Processing logic is very fast, consumer may receive about X_000_000 requests per second.

But I've discovered using profiler that queue.poll() sometimes is very slow (it seems when queue is receiving a lot of new items from producer) - it's about 10x times slower when receiving a lot of new messages comparing to already filled up queue without adding new items from another thread.
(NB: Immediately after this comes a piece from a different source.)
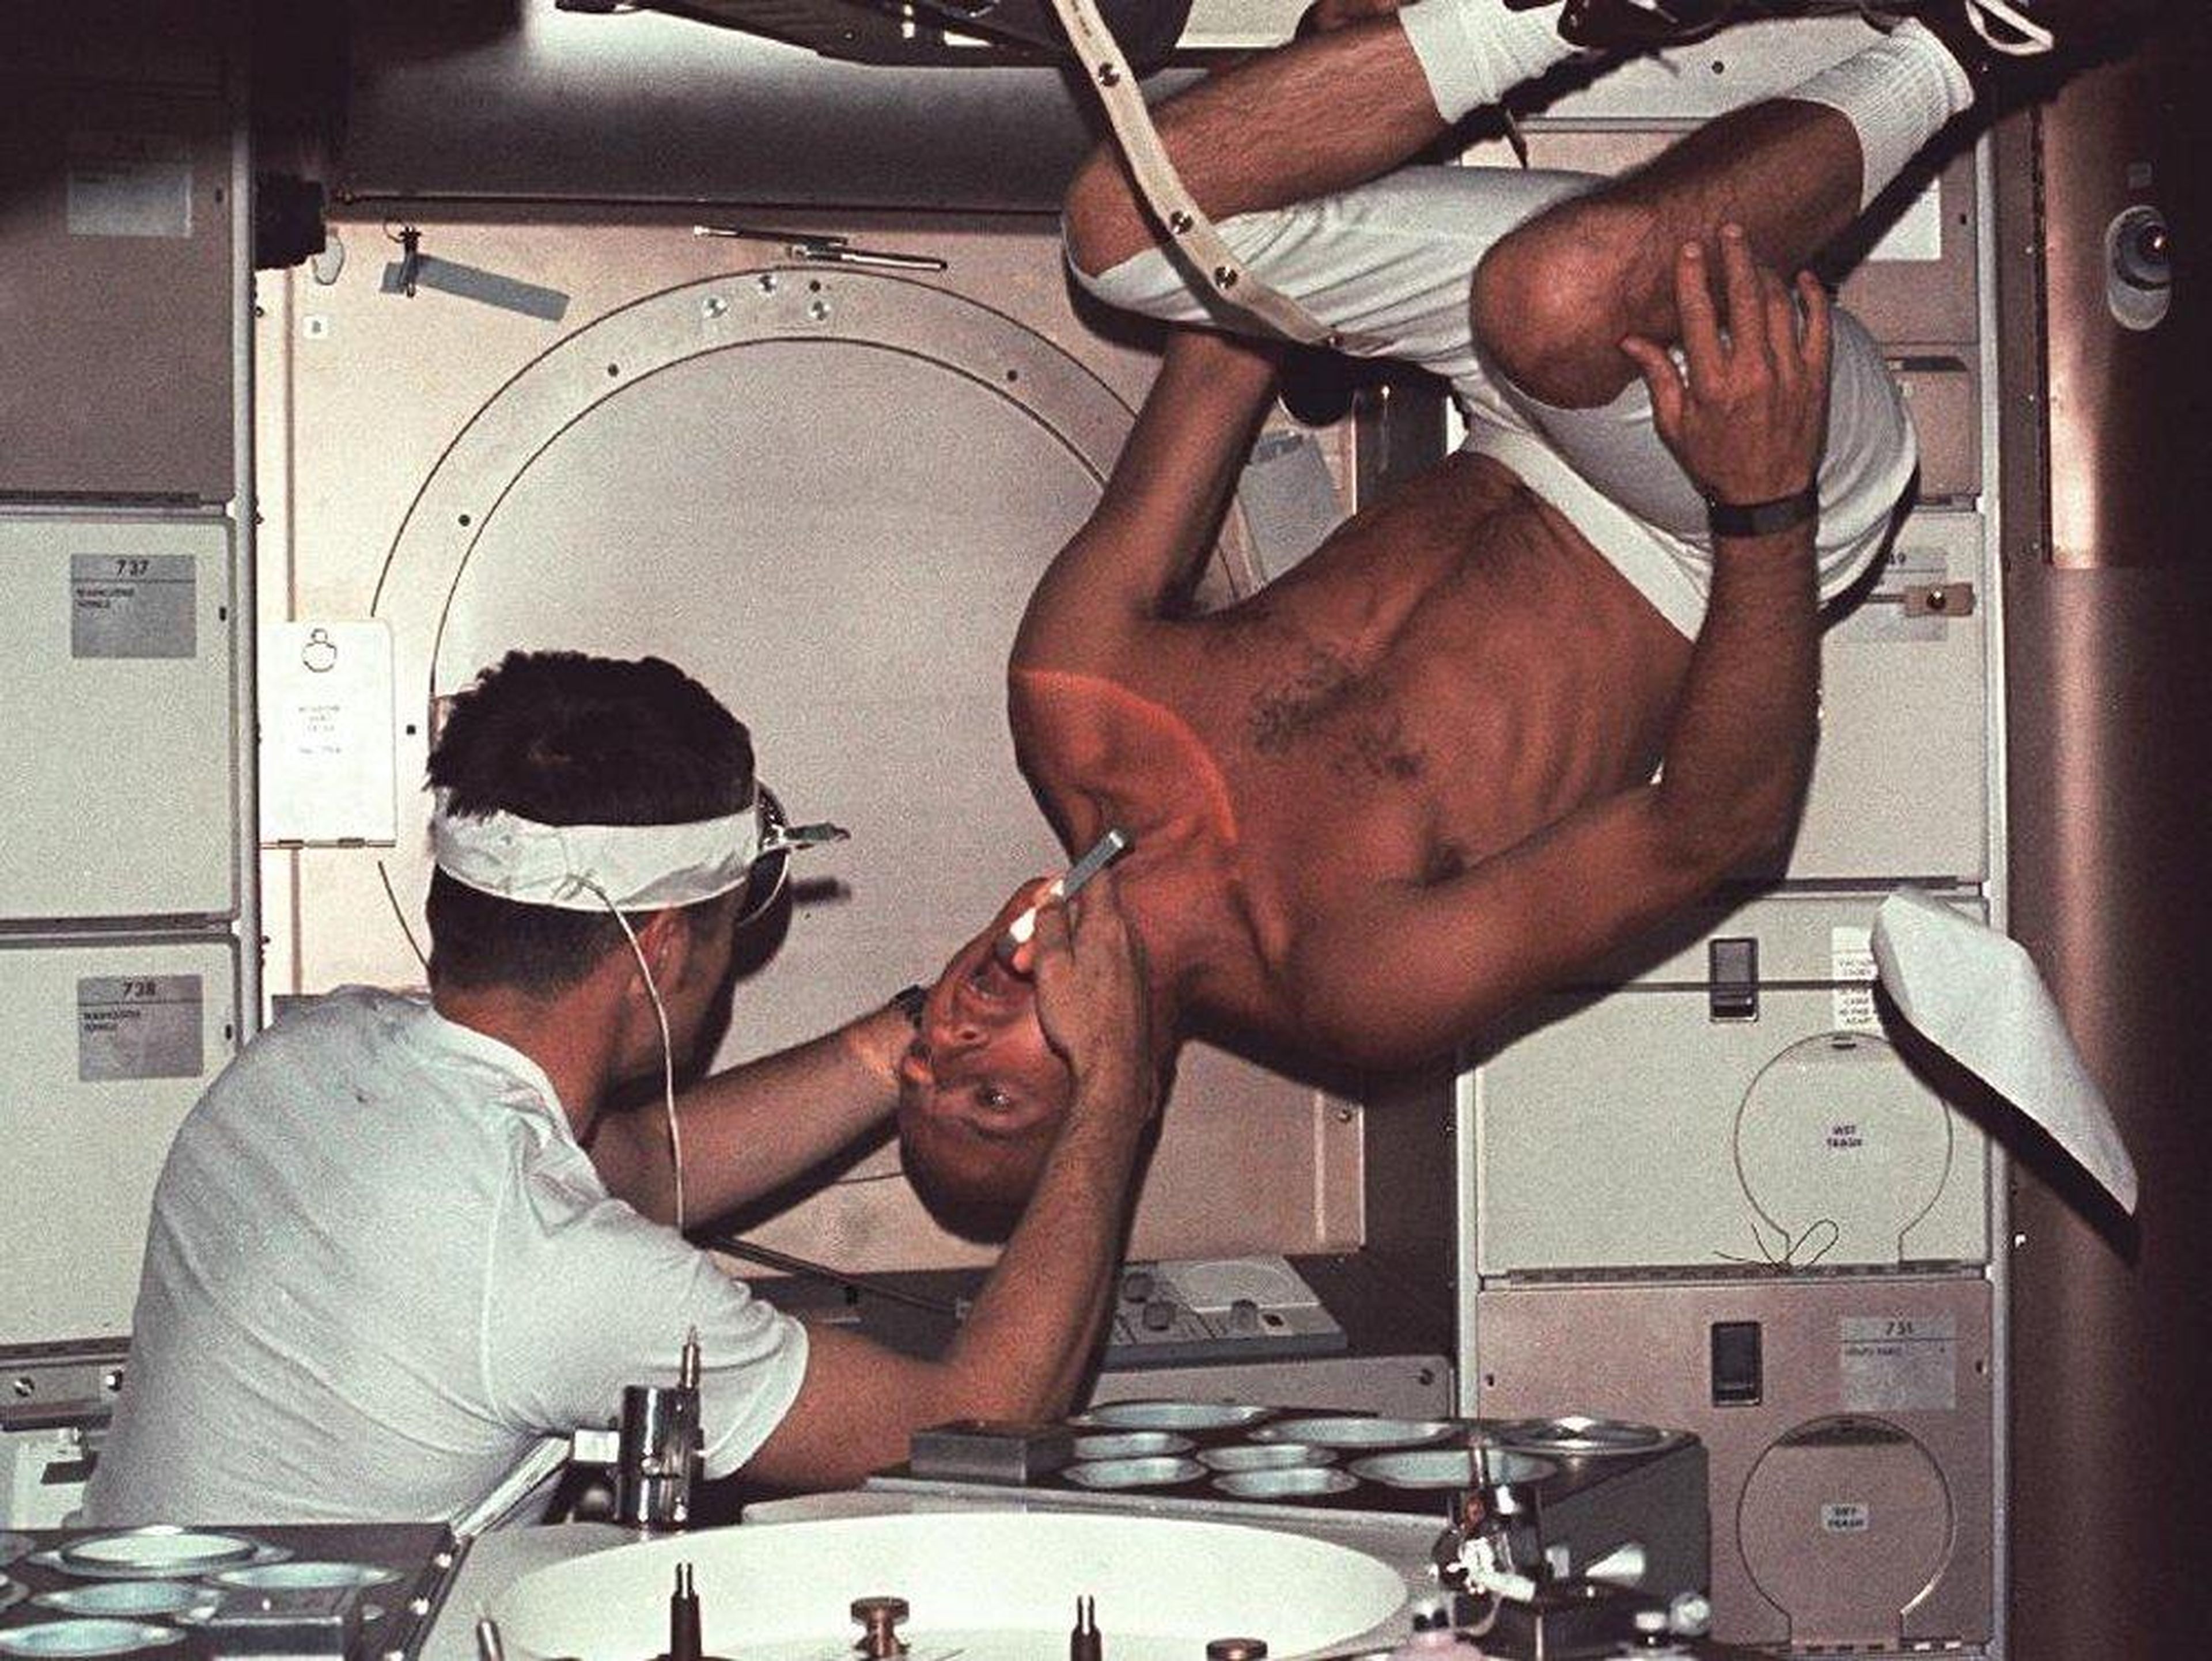 Joseph Kerwin, Skylab's pilot and doctor, conducted physical exams for astronauts onboard in order to collect data on the physical toll of human spaceflight.
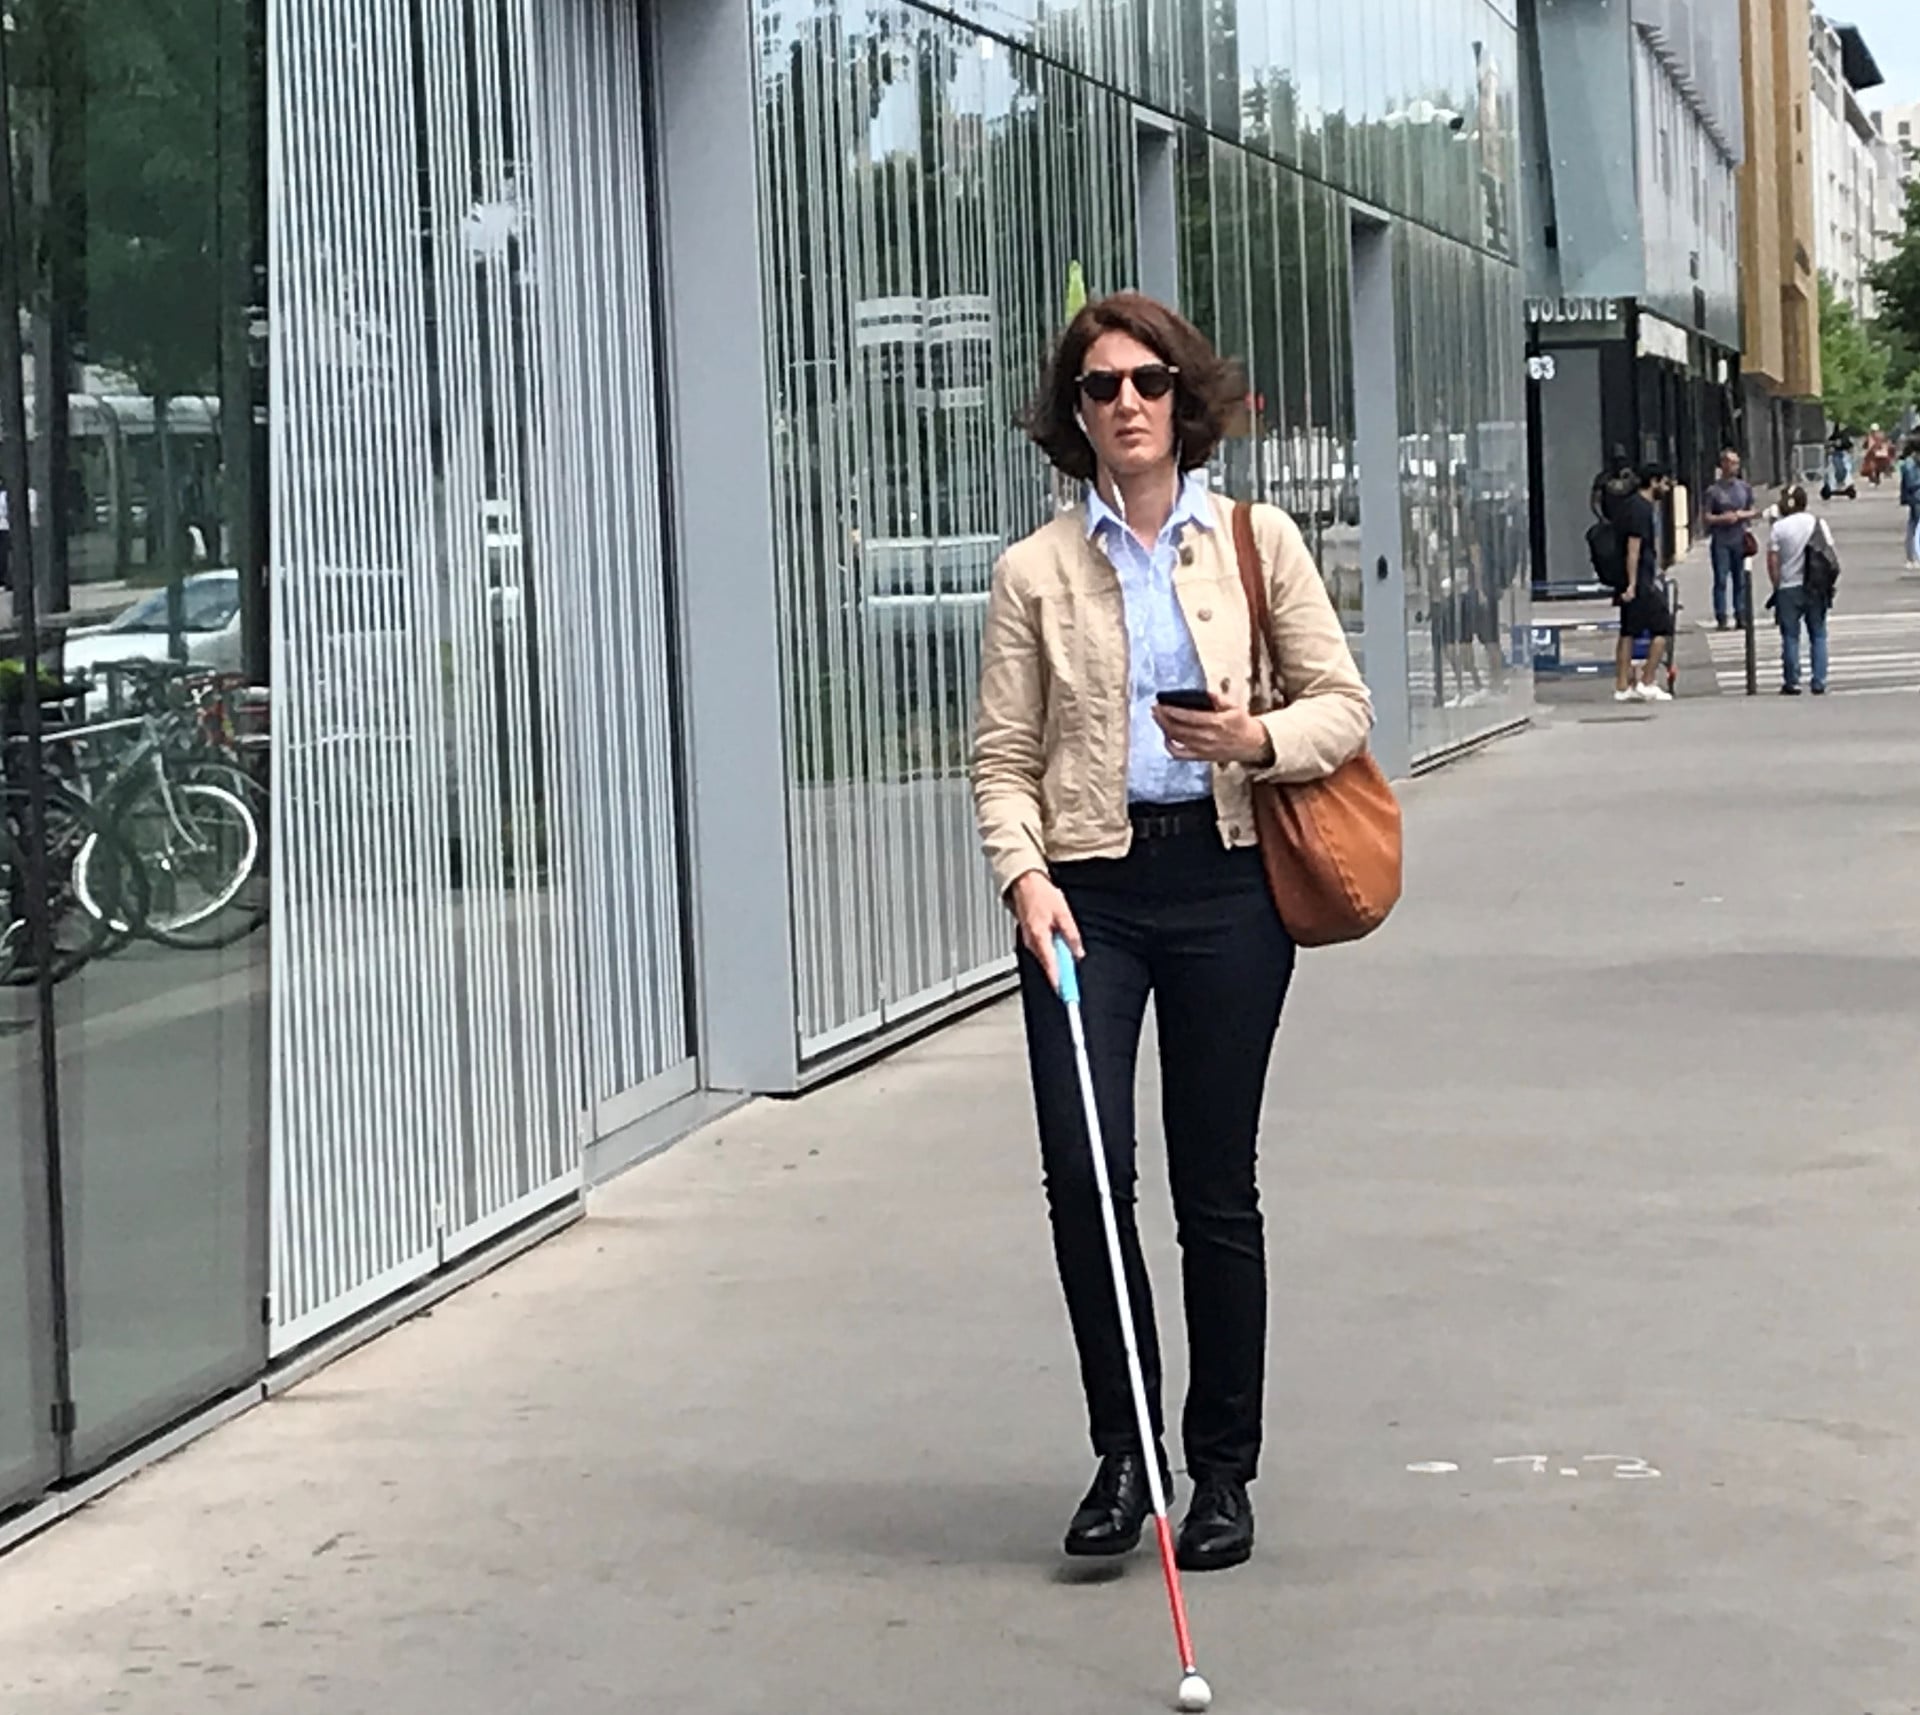 A blind woman uses Evelity, an assistive technology device, to find her bearings

Is it possible to optimize it? What is the best Queue<> implementation for this particular case (one thread for poll() and one thread for add())? Maybe it would be easier to implement some simple queue by-self?

1
Does this answer your question? LinkedBlockingQueue vs ConcurrentLinkedQueueAmongalen
@Amongalen thanks for the link, but I don't think so - LinkedBlockingQueue is worse for performance in my case: I tried to use it, but it was more than 2x times slower than non-blocking ConcurrentQueue. So both queue implementations are not suitable for my application.Kirill
Have you tried SynchronousQueue? This class is used when one thread wants to hand off data to another thread.Eric
@Eric And how will the producer be able to add multiple elements to the queue to store them while the comsumer is busy working on one?akuzminykh
For what it's worth I've successfully used a circular buffer for this very scenario in the past with relatively little effort. If I recall correctly, all that was needed was a (wrapping) write index, a (wrapping) read index, and a monitor variable for the writer to kick-start the waiting reader. The reader never updates the write index, the writer never updates the read index. -- As I recall, I was using a pre-allocated, fixed-length array. A dynamically resizing queue would likely have been more complicated to do.500 - Internal Server Error

1 Answers

3
votes

The consumer is slower while the producer is producing because each time it reads, it experiences a cache miss, since a new element will always be present. If all elements are already present, they can be fetched together, which improves throughput.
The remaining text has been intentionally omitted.